IFT First, Chicago, Illinois
Schrödinger is excited to be participating in the IFT First conference taking place on July 16th-19th in Chicago, Illinois. Join us for a presentation by Jeff Sanders, Product Manager at Schrödinger titled, "Building a Sustainable Future for Food: The Role of Molecular Simulation and Machine Learning". Stop by booth S4167 to speak with Schrödinger scientists.
Speaker: Jeff Sanders, Product Manager
Date/Time: July 18 | 2:00-2:30pm CST
Location: McCormick Place, South Hall Booth S3083
Abstract:
As the food and beverage industry undergoes dynamic shifts in consumer preferences, the demand for novel and innovative products is skyrocketing. Modern customers are increasingly discerning, considering factors such as ingredient knowledge, food origin, and optimal choices for a healthy lifestyle. These concerns shed light on existing weaknesses in food research and development, characterized by a lack of innovation and reliance on incremental improvements. To thrive in the consumer marketplace, it is imperative to develop new food and drink formulations.

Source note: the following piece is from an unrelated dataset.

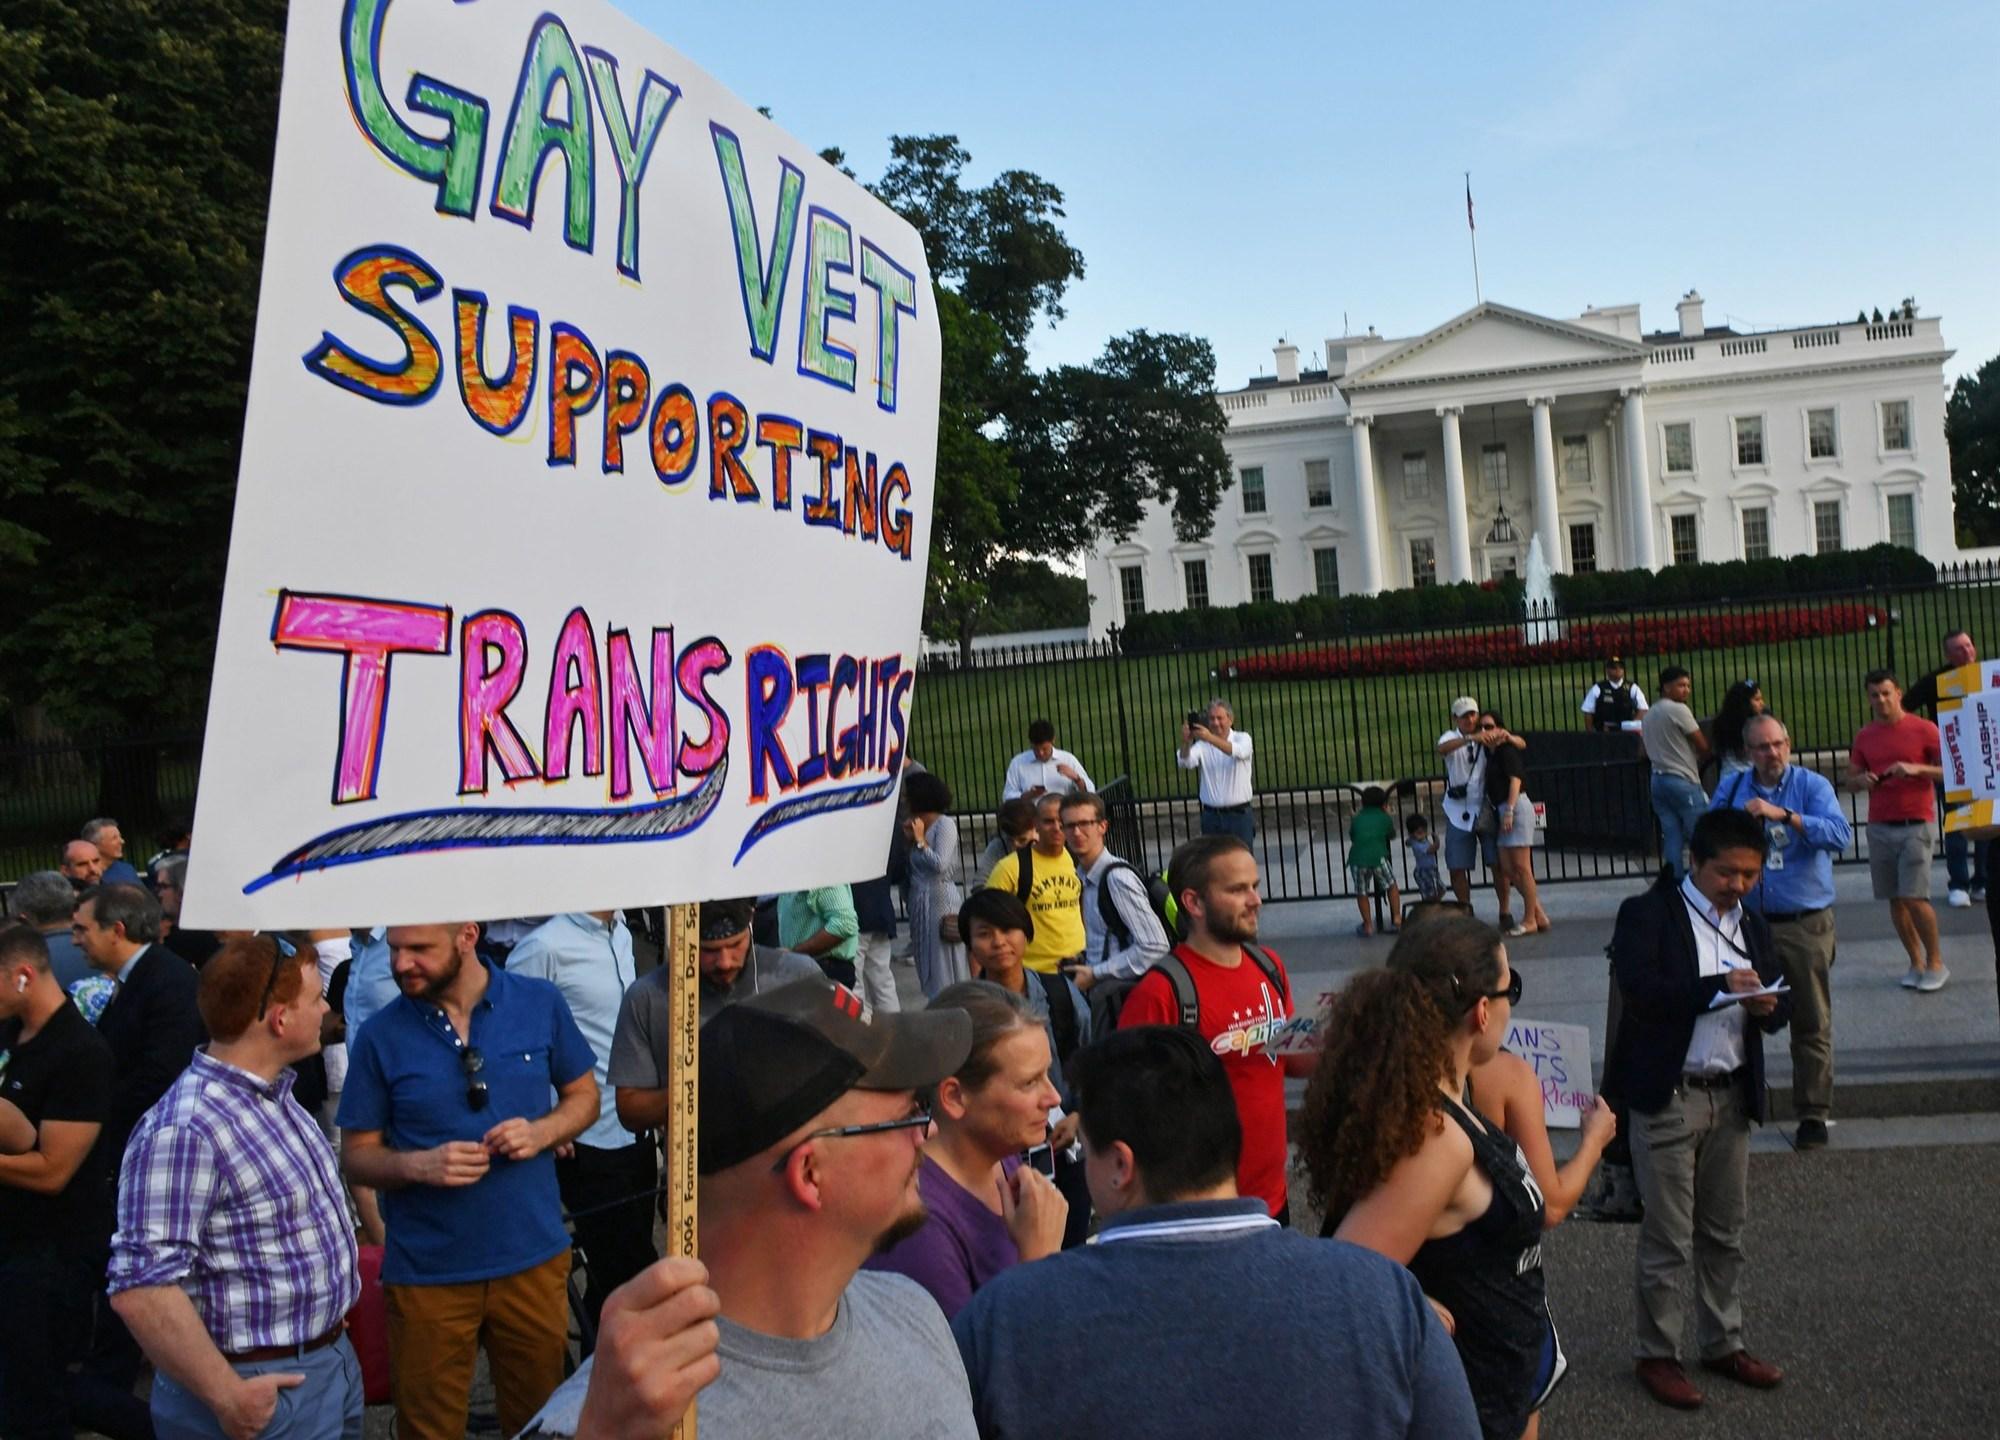 190122-transgender-military-ban-protest-cs-944a_798bd74f7561abad627108908e2ca261.fit-2000w_1548177317443.jpg

To address these challenges and maintain a competitive edge, a comprehensive understanding of ingredient behavior within products is crucial, not only for new product development but also for end-to-end traceability. Streamlining this process can be achieved through the application of multi-scale physics simulations, reducing product development costs and optimizing large-scale production. Molecular simulation techniques offer a unique opportunity to predict how individual ingredients interact within formulations. By employing atomistic simulations, researchers and engineers can unravel critical insights into product morphology, solubility, and other physical properties, given only the knowledge of the components. Unlike process simulations, which require many inputs that are often not known, molecular models comprising millions of atoms can be constructed based solely on chemistry and composition, enabling accurate property predictions.
Beyond physics-based modeling, chemical information can be leveraged to develop machine learning models that incorporate existing experimental or sensory data. This integrated approach allows for a more comprehensive understanding of flavors and ingredients compared to simulation alone. Join us in this talk as we delve into the cutting-edge advancements in molecular modeling techniques tailored for flavors and ingredient research, propelling product innovation in the food and beverage industry.